Value Added Engineering

The value added pack.  This advertising technique is traditionally used to keep a brand fresh in holiday shoppers’ minds and appear to add a free gift.  This is most notably used in liquor brands that throw in rock glasses, shakers or even samples of their other product lines to try to develop sentiment and brand loyalty.  A new trend is emerging however, and I’m going to call it value added engineering.  This marketing ploy is simply used to help the consumer better enjoy a product they have already purchased by increasing the experience of the product.  This has been used by several beverage companies and most recently by soda heavy hitter Coca-Cola.  The idea was to create a glass that let the consumer better enjoy an already dominant product.

Classic Glass

Look familiar Sam Adams?


That’s because the Coca-Cola glasses were engineered by wine and beer tasters that know how carbonation and flavor should be properly released onto one’s palate to get full enjoyment.  We’ve traditionally seen this in brands that are trying to increase their market share by adding an element to their product that the top dog in the market doesn’t posses.  Miller, traditionally lagging in volume to Anheuser Busch, developed the vortex bottle,


and the punch top, wide mouth can.


Coors engineered a way for their logo to change color when their beer gets to the optimal drinking temperature.

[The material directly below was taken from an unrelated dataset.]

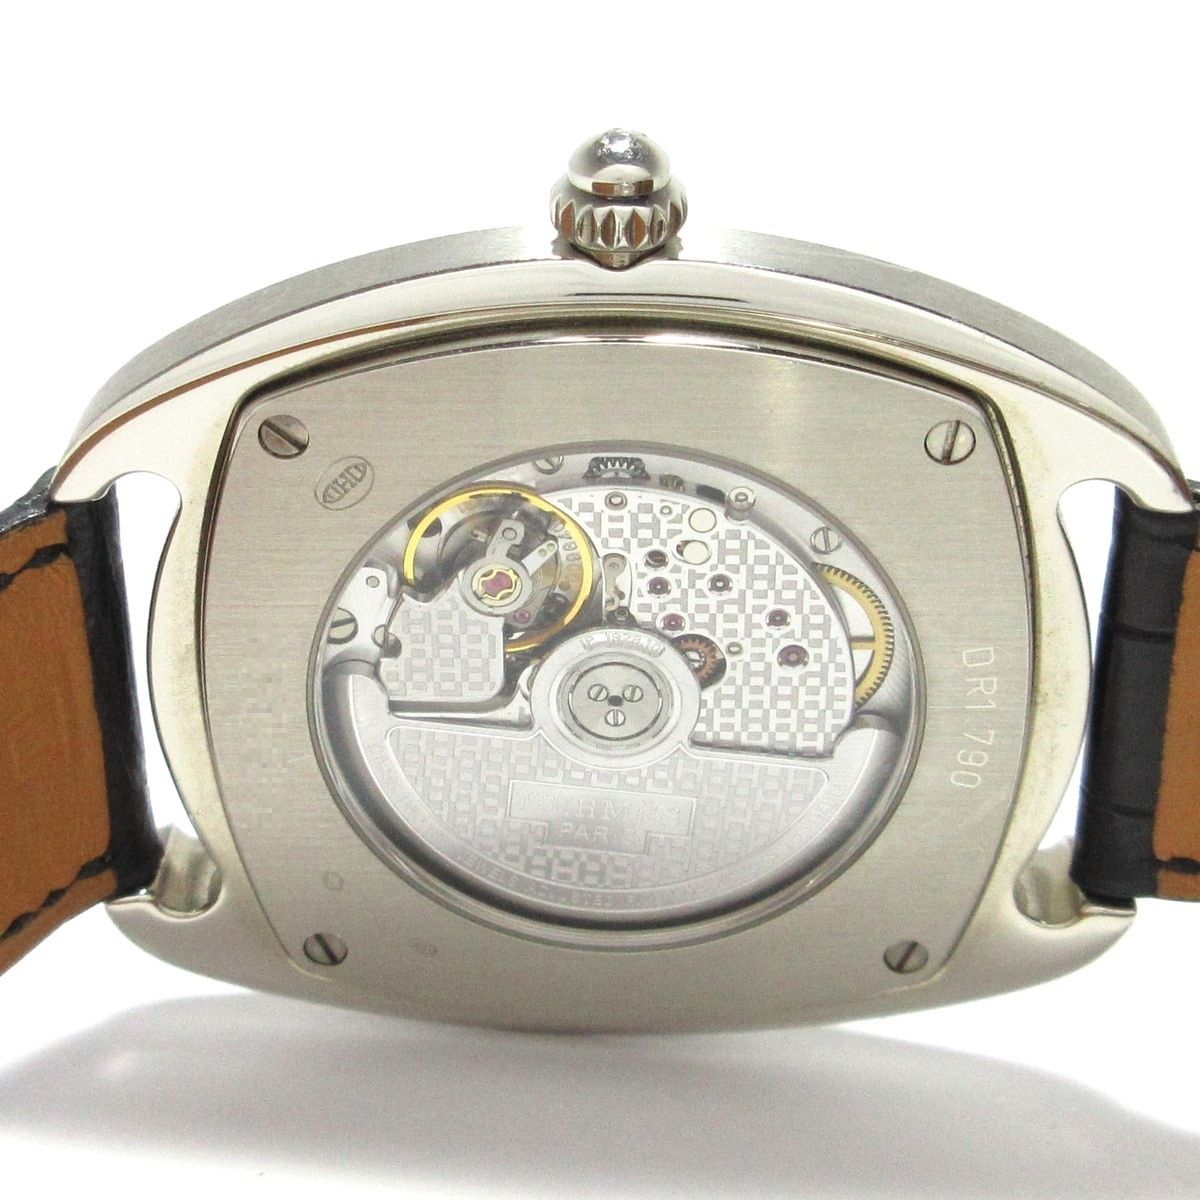 HERMES(エルメス) 腕時計 ドレサージュ DR1.790 メンズ K18WG×クロコ 
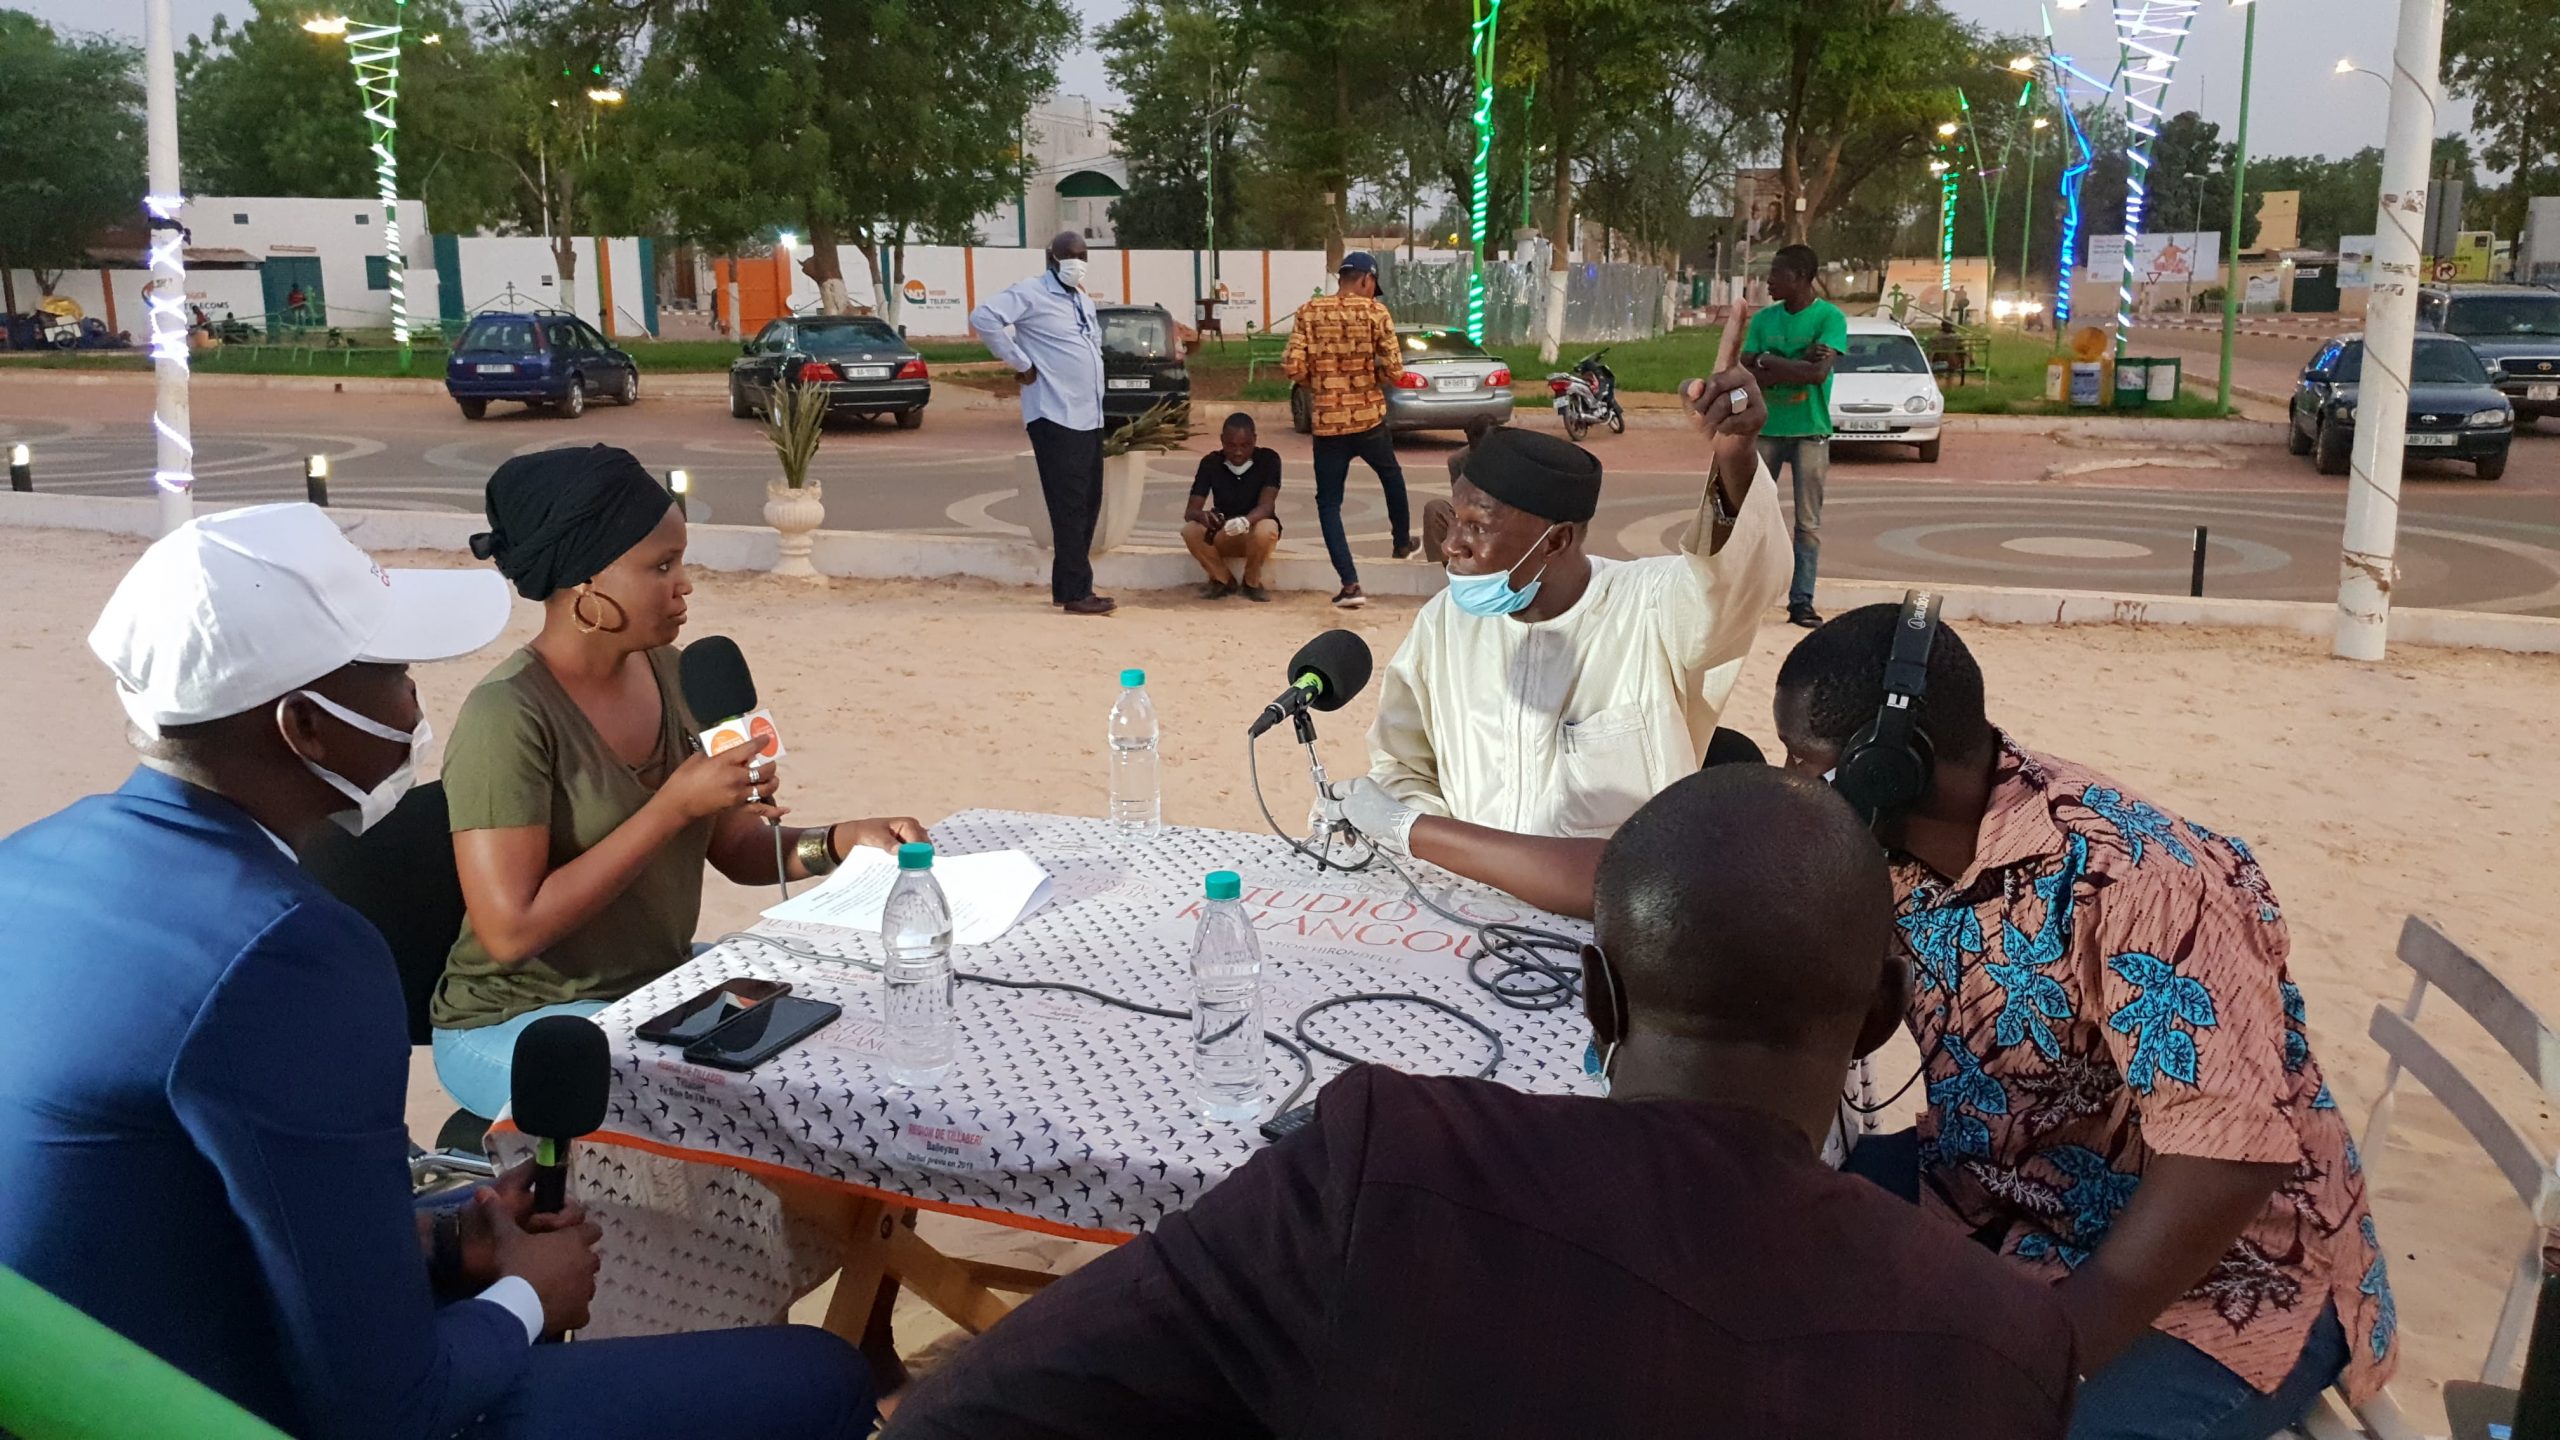 Covid19, les jeunes de Niamey face au couvre-feu : quelles attitudes adoptées ?

Not to mention the wide mouth, vented can that is supposed to help the beverage flow out of the can with less foam.


Let’s be honest, it just lets the consumer drink more, faster.


(Sorry Guinness)

I do, however, like this move by Coke.  It keeps their brand fresh and reinforces their standard of quality.  Don’t just drink a “Classic” enjoy a “Classic” to it’s full potential.  I don’t see runner up Pepsi trying to make their product more enjoyable.  They’re too busy paying celebrities to try and create viral videos.  That’s what’s going down…smooth.